Thank you for this! I was btw drawn to this package not so much due to performance (which seems to be 10x faster than patsy on my setup) but the fact that it can be pickled.

How would this work if I wanted a sparse output?

If I set mm1 = trans.get_model_matrix(df, output='sparse')

I get back the expected sparse matrices, and the model specs are

.lhs:
    ModelSpec(formula=y, materializer='pandas', ensure_full_rank=True, na_action=<NAAction.DROP: 'drop'>, output='sparse', structure=[EncodedTermStructure(term=y, scoped_terms=[y], columns=['y'])], transform_state={}, encoder_state={'y': (<Kind.NUMERICAL: 'numerical'>, {})})
.rhs:
    ModelSpec(formula=1 + x + z, materializer='pandas', ensure_full_rank=True, na_action=<NAAction.DROP: 'drop'>, output='sparse', structure=[EncodedTermStructure(term=1, scoped_terms=[1], columns=['Intercept']), EncodedTermStructure(term=x, scoped_terms=[x-], columns=['x[T.B]', 'x[T.C]']), EncodedTermStructure(term=z, scoped_terms=[z], columns=['z'])], transform_state={}, encoder_state={'x': (<Kind.CATEGORICAL: 'categorical'>, {'categories': ['A', 'B', 'C']}), 'z': (<Kind.NUMERICAL: 'numerical'>, {})})

However, when reusing the model spec:

mm1.model_spec.rhs.get_model_matrix(df2)

A dataframe is returned, and I can't pass output='sparse'.

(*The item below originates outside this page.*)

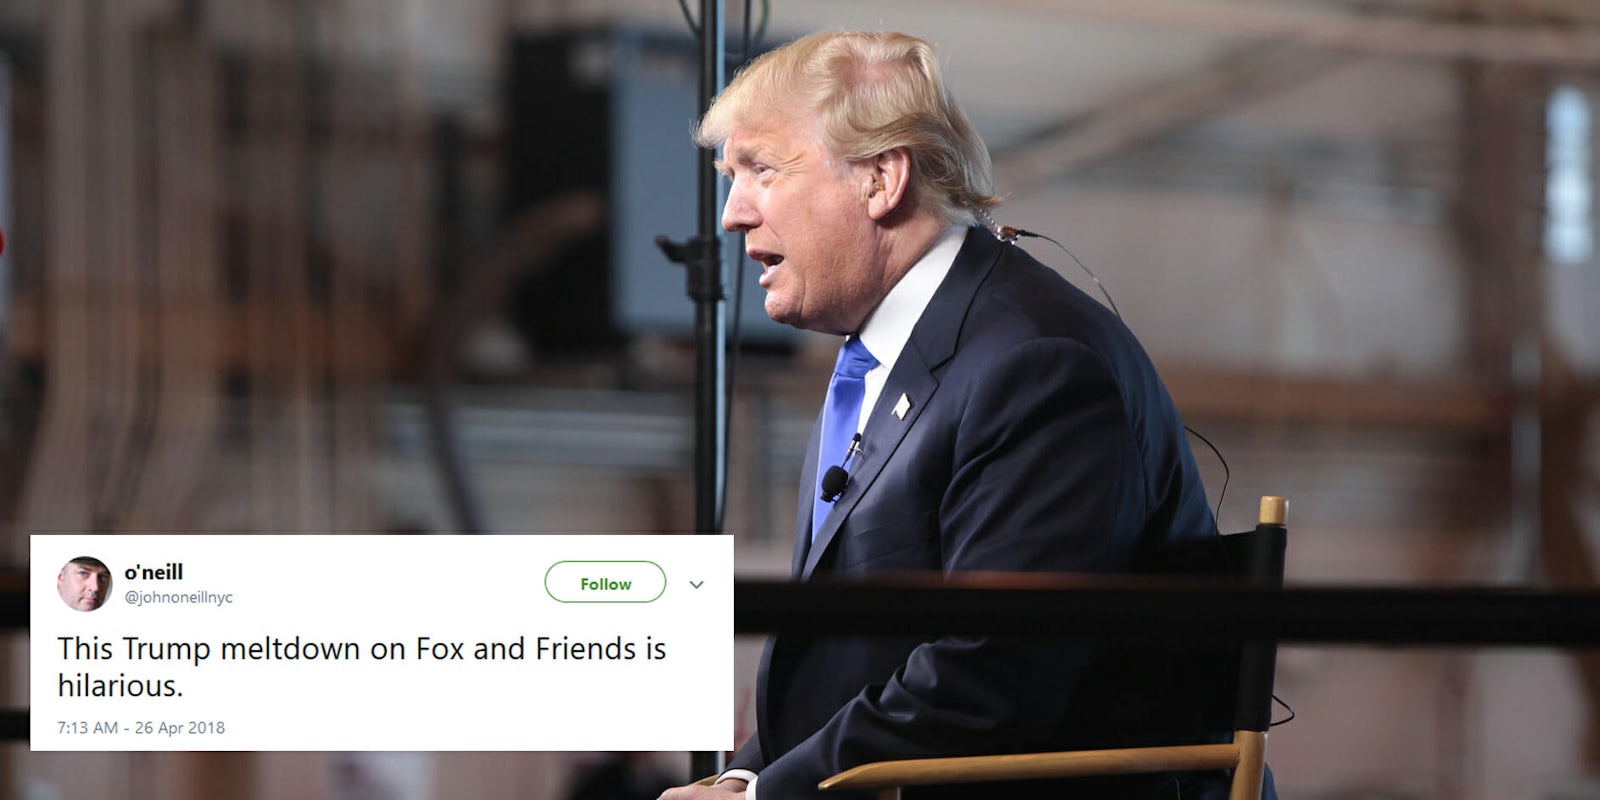 The internet had a lot to say about President Donald Trump's interview on Fox & Friends on Thursday morning.

TELSER1 avatar Aug 27 '22 23:08 TELSER1

Hi @TELSER1 !

Thanks for reaching out! There was a regression introduced in 0.4.0 that I will be fixing shortly (hopefully tonight, added #102 to track it) whereby ModelSpec.output is not respected. You can workaround this by rolling back to 0.3.x, or using:

from formulaic import model_matrix

model_matrix(model_spec, <new_data>, output='sparse')

or

from formulaic.materializers.pandas import PandasMaterializer

PandasMaterializer(<new data>).get_model_matrix(model_spec, output='sparse')

Hope that helps!

matthewwardrop avatar Aug 28 '22 01:08 matthewwardrop

Thanks for the help! In the spirit of Frederik's comment, I'm particularly interested in the serializability and sparse output functionality; I am trying to estimate some large, sparse regression models.

TELSER1 avatar Aug 28 '22 15:08 TELSER1

@TELSER1 Thanks for the context! That's largely why I wrote formulaic too :).

matthewwardrop avatar Aug 28 '22 19:08 matthewwardrop

@TELSER1 This has been fixed and pushed out in v0.5.0 .

matthewwardrop avatar Aug 29 '22 05:08 matthewwardrop